Con il suo ben pensare e buon agire, Giovanni seminò paura nel mondo dell’illegalità e della violenza. La sua esemplarità divenne il nemico da combattere. Comunicatore coi fatti, Giovanni Falcone pur consapevole di rischiare la vita, perseguì l’intento di abbattere la violenta collusione della malavita.
Onestà, determinazione e coraggio hanno contraddistinto questo magistrato che ha indagato per “mettere le manette” al potere corrotto. Avversato dalla politica negli anni in cui cercava di riportare nel Paese la giustizia, con la sua vita la vittima di Capaci, è diventata esempio luminoso per tutti.
Giovanni Falcone, palermitano di nascita, classe 1939, conosceva bene i meccanismi ipocriti e perversi del potere. Era cresciuto in una terra logorata dalla violenza e dai soprusi e voleva a tutti i costi riscattarla dalla cattiva fama ormai costruita intorno ad essa.
Diplomato al liceo classico, dopo una breve esperienza presso l’Accademia navale di Livorno, Falcone decise di tornare nella città natale per iscriversi alla Facoltà di Giurisprudenza e consegue la laurea nel 1961. Il concorso in magistratura gli permise di realizzare il sogno di smascherare l’illegalità.
Fu l’operato di Gaetano Costa, procuratore ucciso per aver chiesto alla magistratura la firma di molti ordini di cattura contro la criminalità statunitense, a ispirare l’attività di Giovanni Falcone, che avvertì l’esigenza di perseguire i reati e le attività di ordine mafioso. Falcone avviò indagini patrimoniali e bancarie (anche oltre oceano), ricostruendo un quadro complessivo di una “raffica di assoluzioni” illecite di uomini collusi.
Il “pool antimafia” di Falcone e del suo collega-amico Paolo Borsellino, iniziò a far molto rumore nella politica italiana. Falcone accolse l’invito del vice-presidente del Consiglio dei ministri, Claudio Martelli, che aveva assunto l’interim del Ministero di grazia e giustizia, a dirigere gli Affari penali del ministero. Si aprì così dal marzo 1991 un periodo caratterizzato da una attività intensa nella lotta contro il crimine.

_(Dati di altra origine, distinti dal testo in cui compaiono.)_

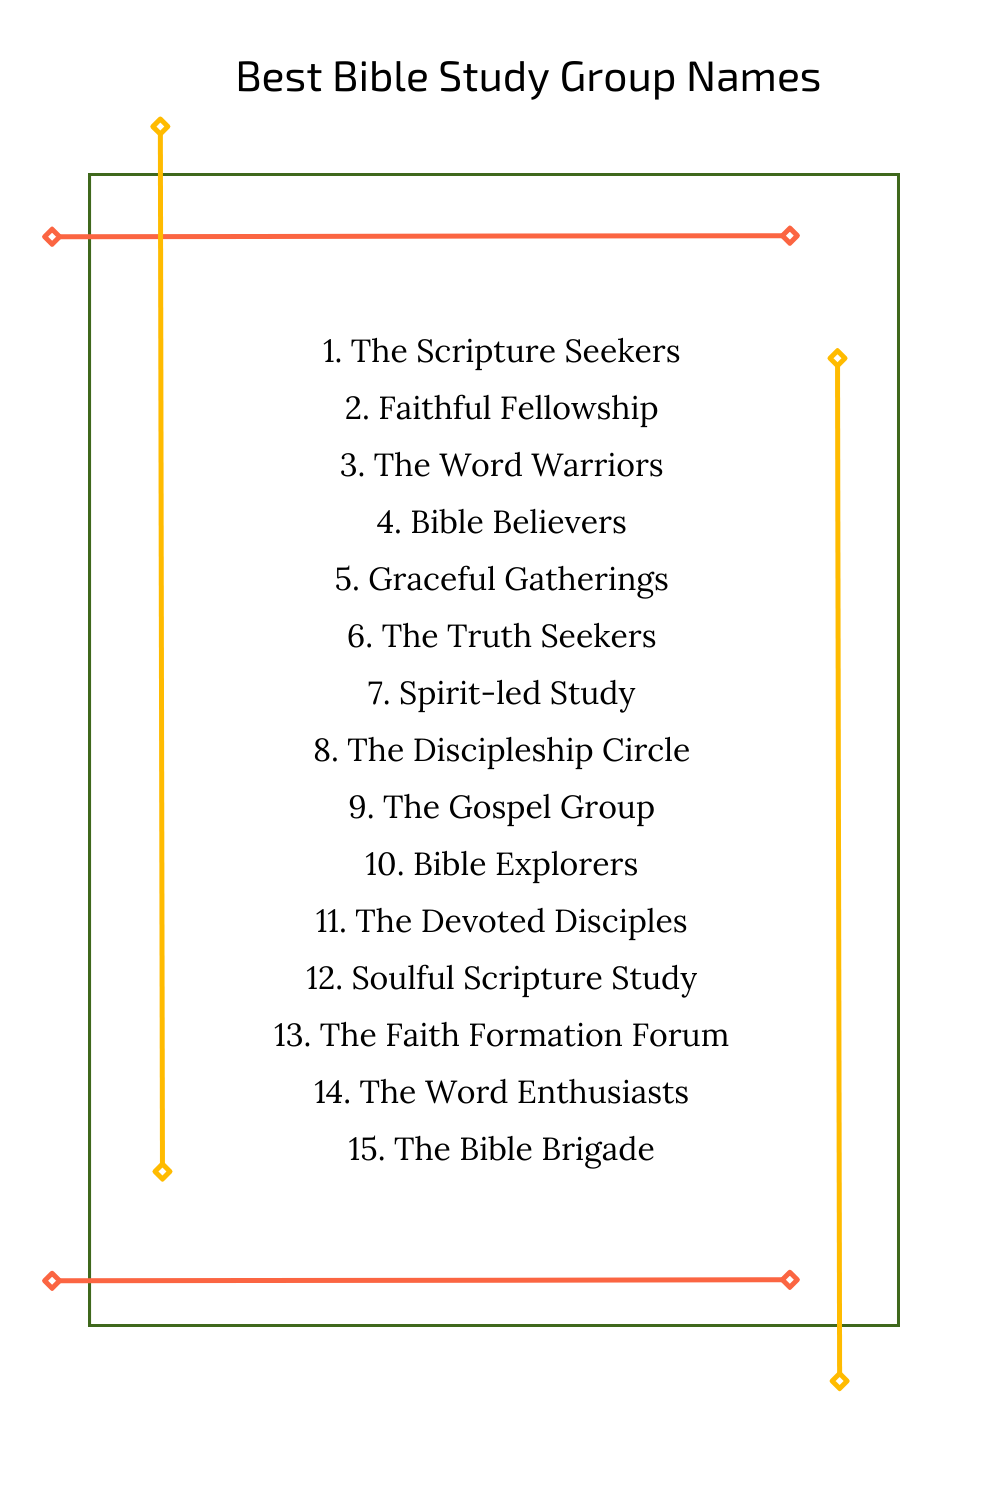 Best Bible Study Group Names

Falcone rese funzionanti i rapporti tra pubblico ministero e polizia giudiziaria. Divenuto procuratore nazionale antimafia, egli dichiarava: “Io Credo che il procuratore nazionale antimafia abbia il compito principale di rendere effettivo il coordinamento delle indagini, di garantire la funzionalità della polizia giudiziaria e di assicurare la completezza e la tempestività delle investigazioni. Ritengo che questo dovrebbe essere un organismo di supporto e di sostegno per l’attività investigativa che va svolta esclusivamente dalle procure distrettuali antimafia”.
La propositività di Giovanni spaventò e minò la serenità della “cattiva politica” decisa di eliminare dalla radice il problema della lotta all’illegalità. Il 23 maggio 1992, alle 17 e 56, all’altezza del paese siciliano di Capaci, cinquecento chili di tritolo fecero saltare in aria l’auto su cui viaggiava il giudice Giovanni Falcone, accompagnato dalla moglie Francesca Morvillo e da tre uomini della scorta, Antonio Montinaro, Rocco Di Cillo e Vito Schifani.

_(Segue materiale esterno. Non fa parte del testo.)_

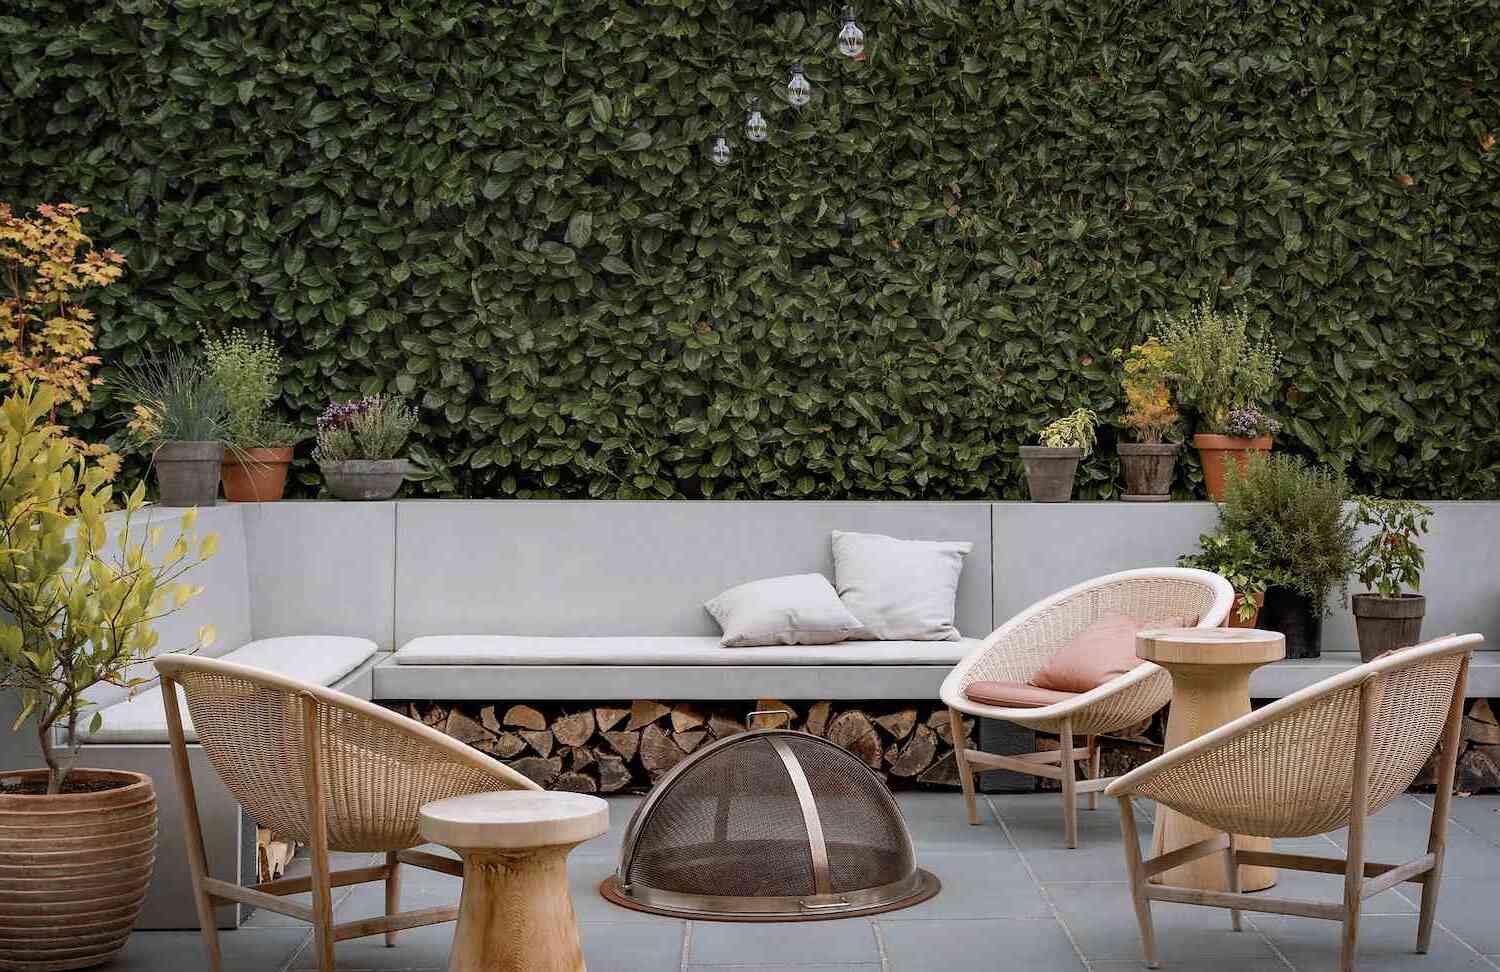 DIY Outdoor Furniture: Transform Your Patio With These Creative Projects

Due mesi dopo cadde sotto i colpi della mafia anche Paolo Borsellino, ucciso da un’autobomba a Palermo in via D’Amelio. Falcone fu messo a tacere definitivamente. Era troppo ingombrante per essere un uomo normale che in qualità di giudice voleva lottare in prima persona per tutelare il bene comune e liberare la società dai pericoli della mafia. Giovanni è un padre della patria, simbolo della speranza delle generazioni che devono credere in una politica del dovere a tutela del prossimo e non a danno di quest’ultimo.